RECORDED DATA:
══════════════════════════════
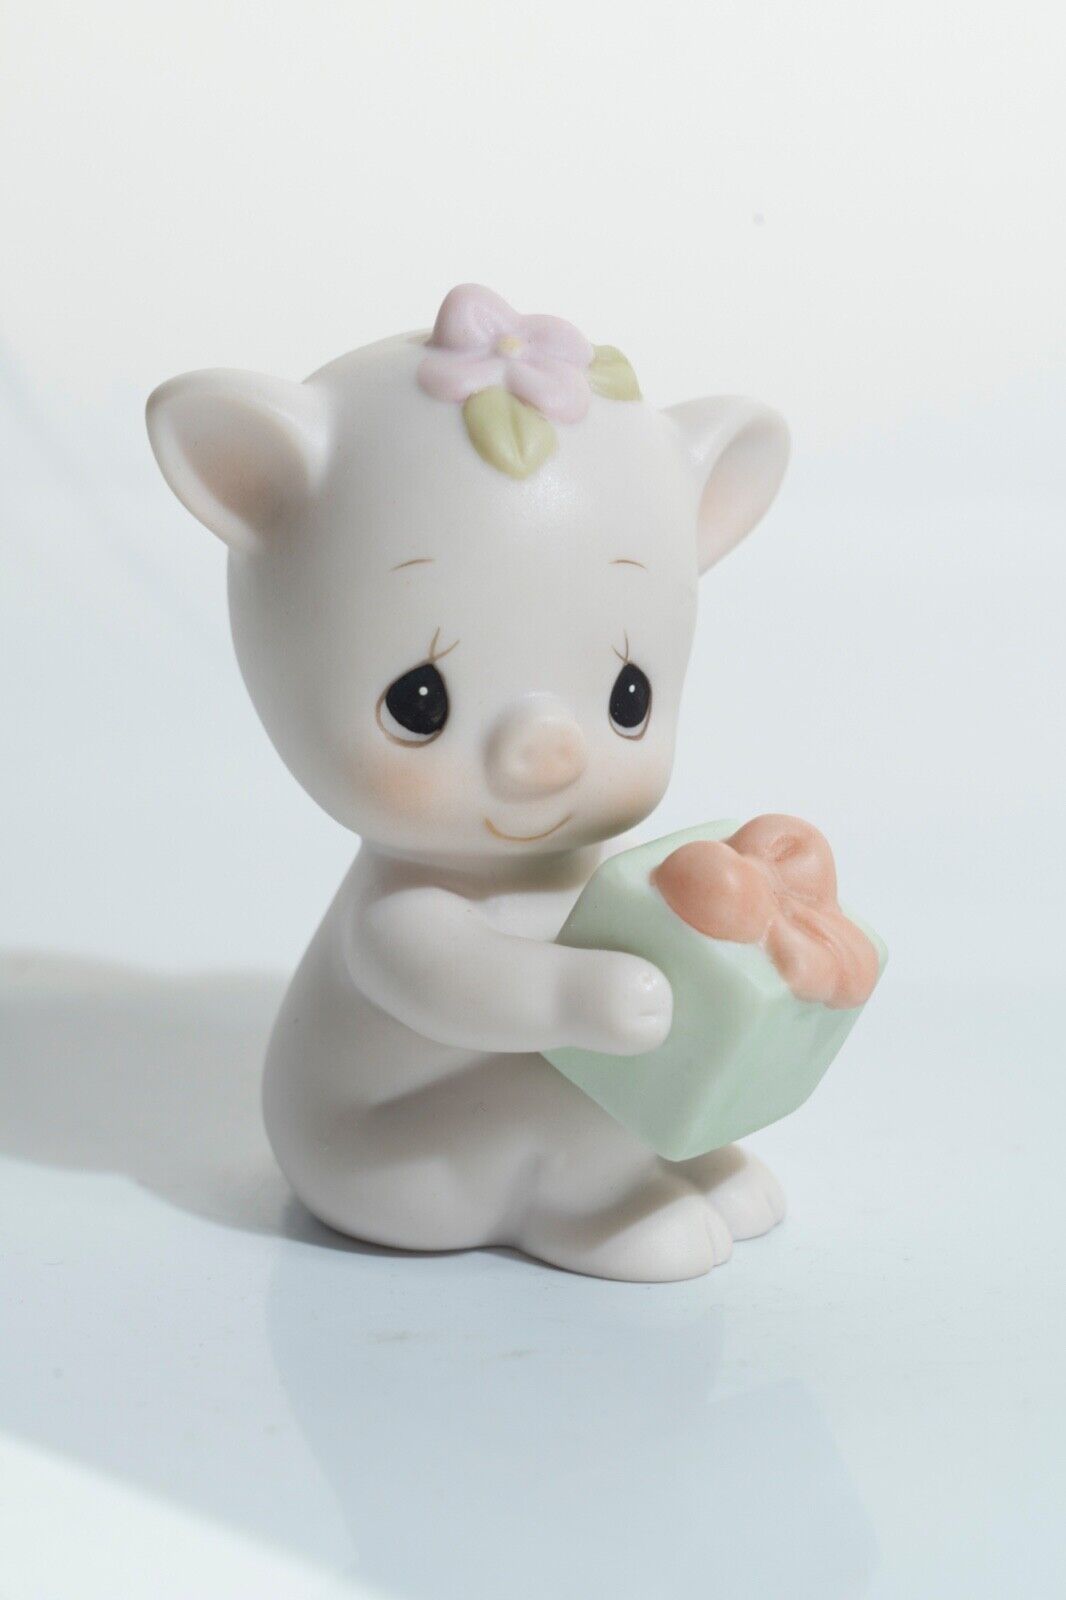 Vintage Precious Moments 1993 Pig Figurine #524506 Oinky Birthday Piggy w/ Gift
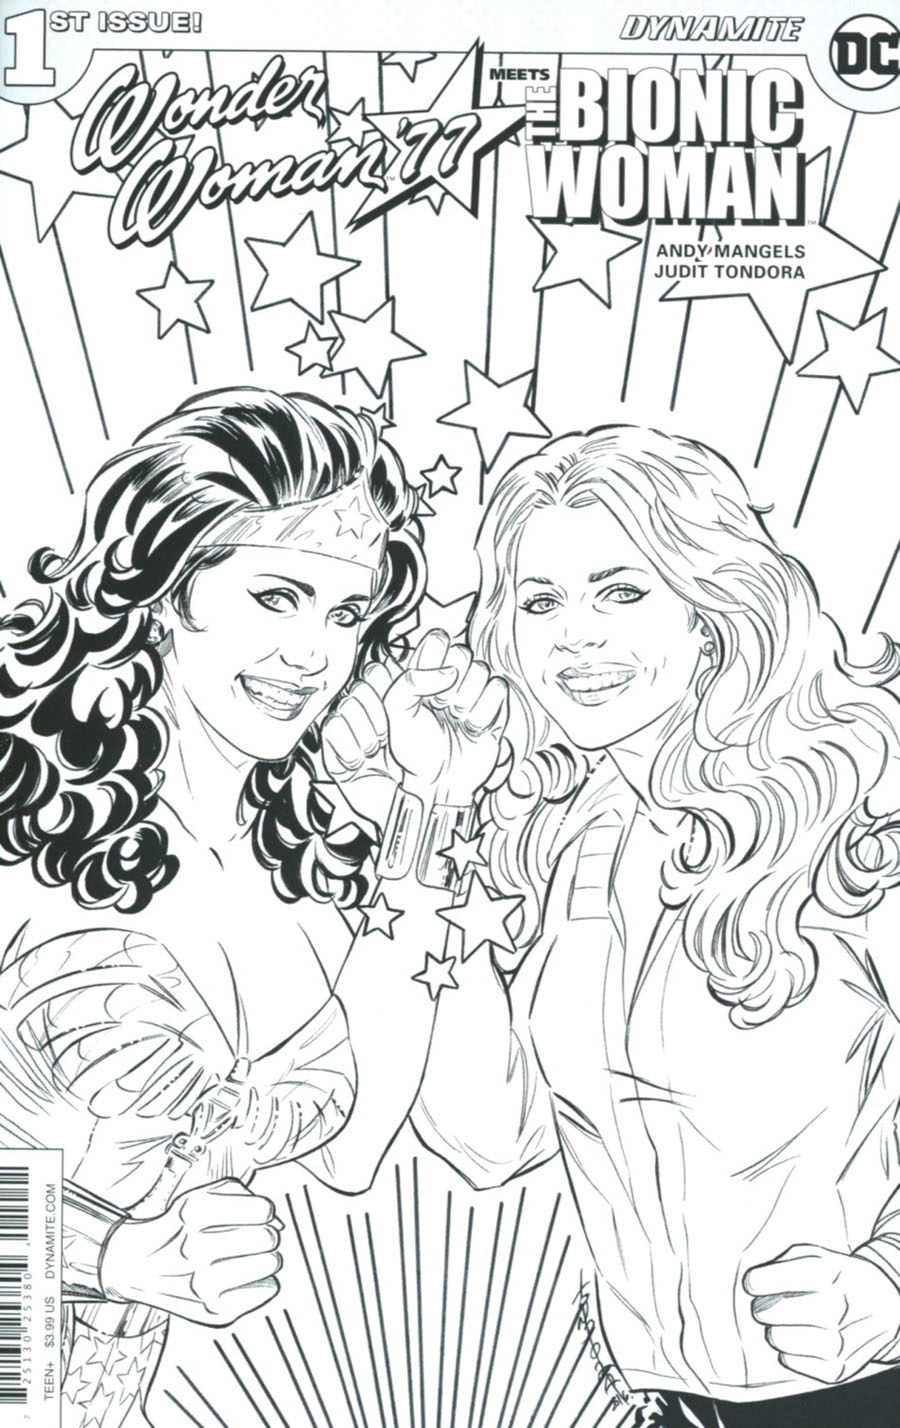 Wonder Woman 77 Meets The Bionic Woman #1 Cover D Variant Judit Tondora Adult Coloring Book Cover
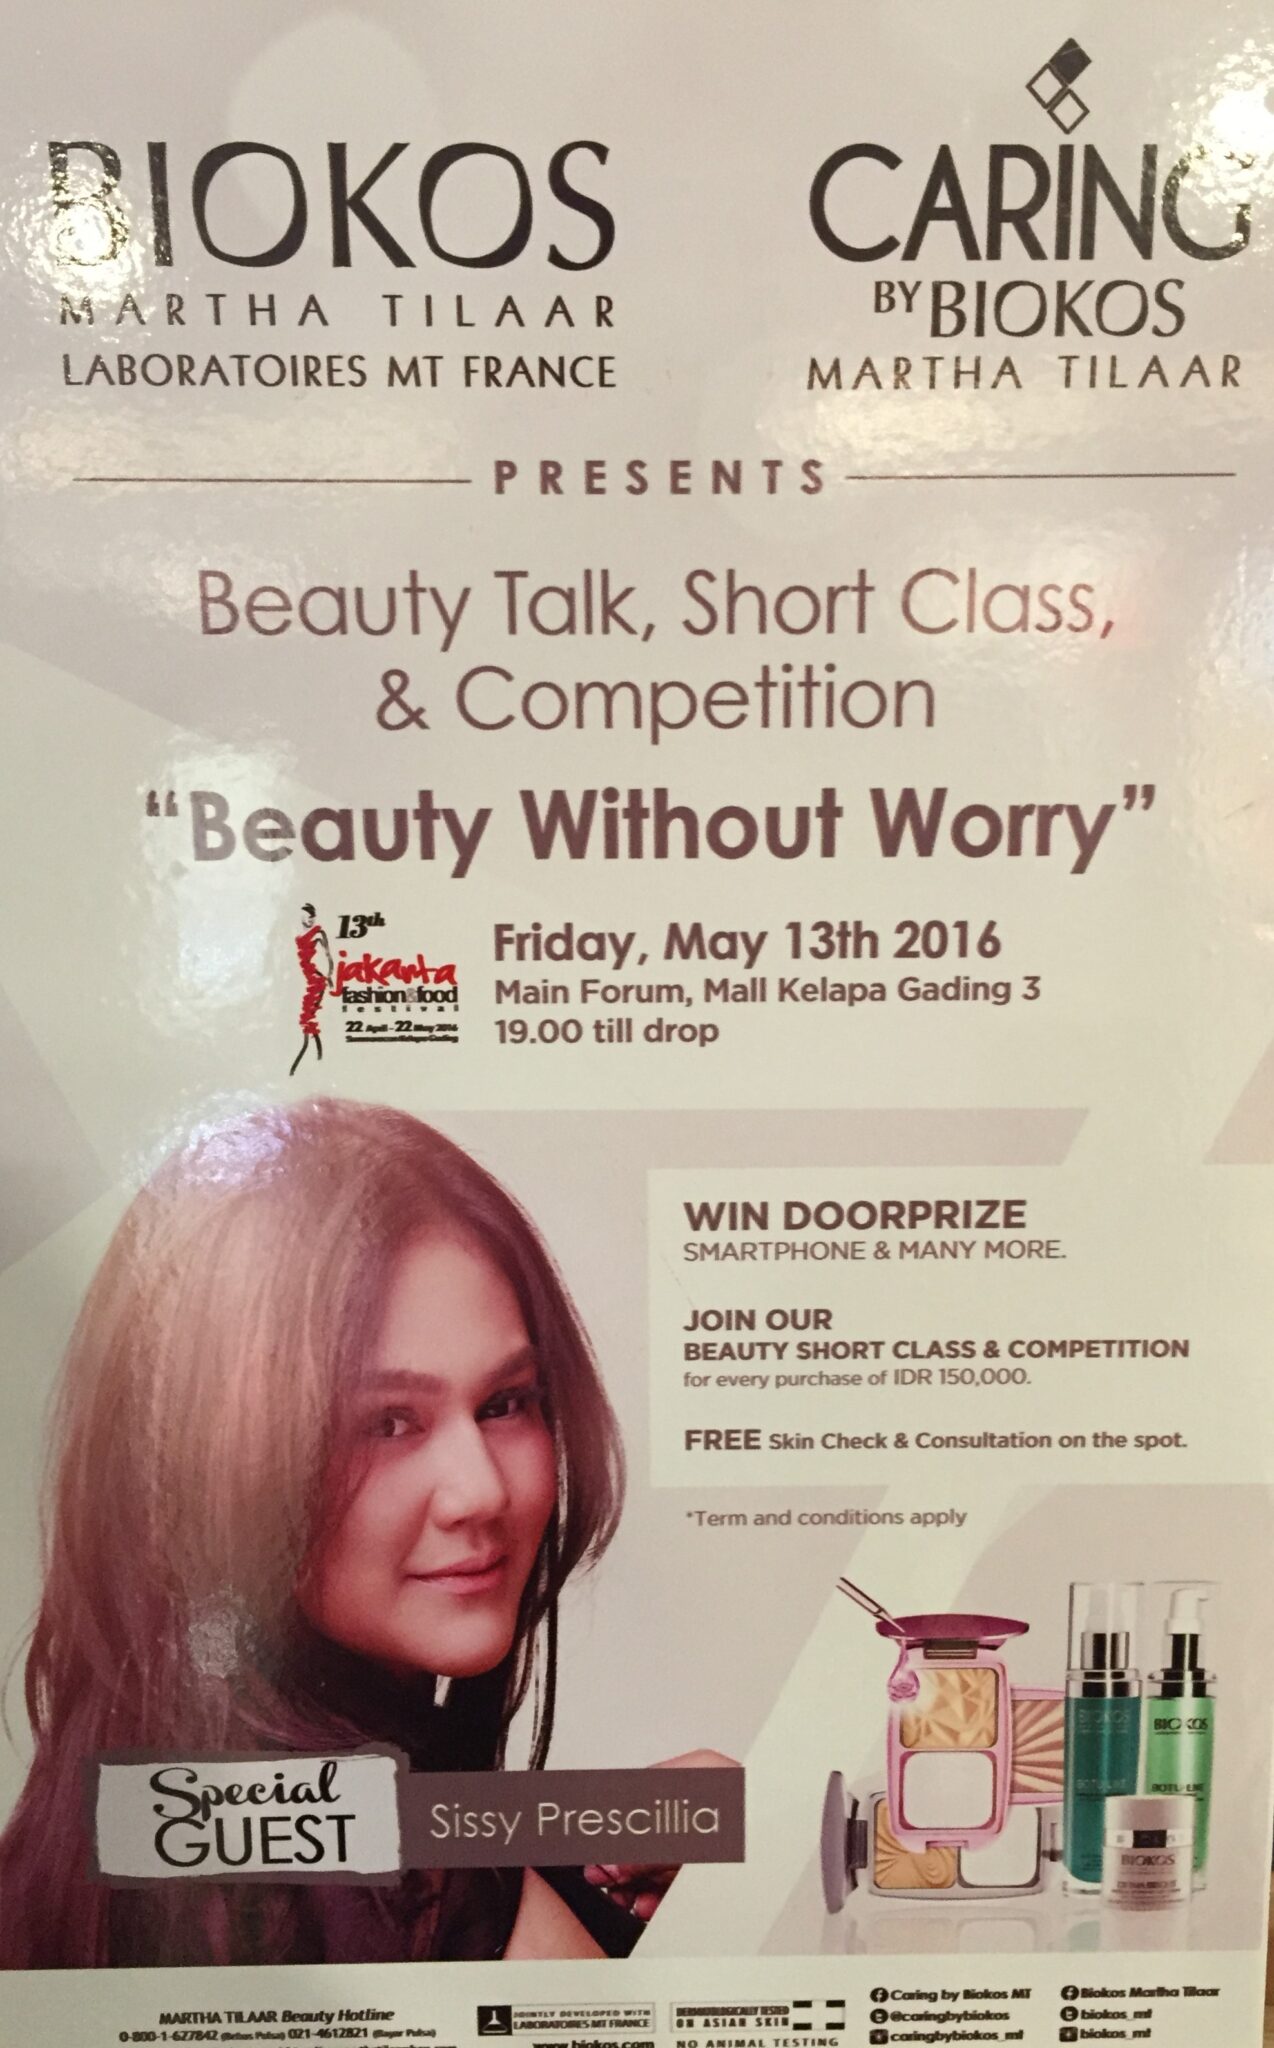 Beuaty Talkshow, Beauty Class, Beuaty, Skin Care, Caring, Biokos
══════════════════════════════
WORK REQUIRED: Would you retype the listing above exactly, omitting its pictures?

EXERCISE RESULT:
 Vintage Precious Moments 1993 Pig Figurine #524506 Oinky Birthday Piggy w/ Gift
 Wonder Woman 77 Meets The Bionic Woman #1 Cover D Variant Judit Tondora Adult Coloring Book Cover
 Beuaty Talkshow, Beauty Class, Beuaty, Skin Care, Caring, Biokos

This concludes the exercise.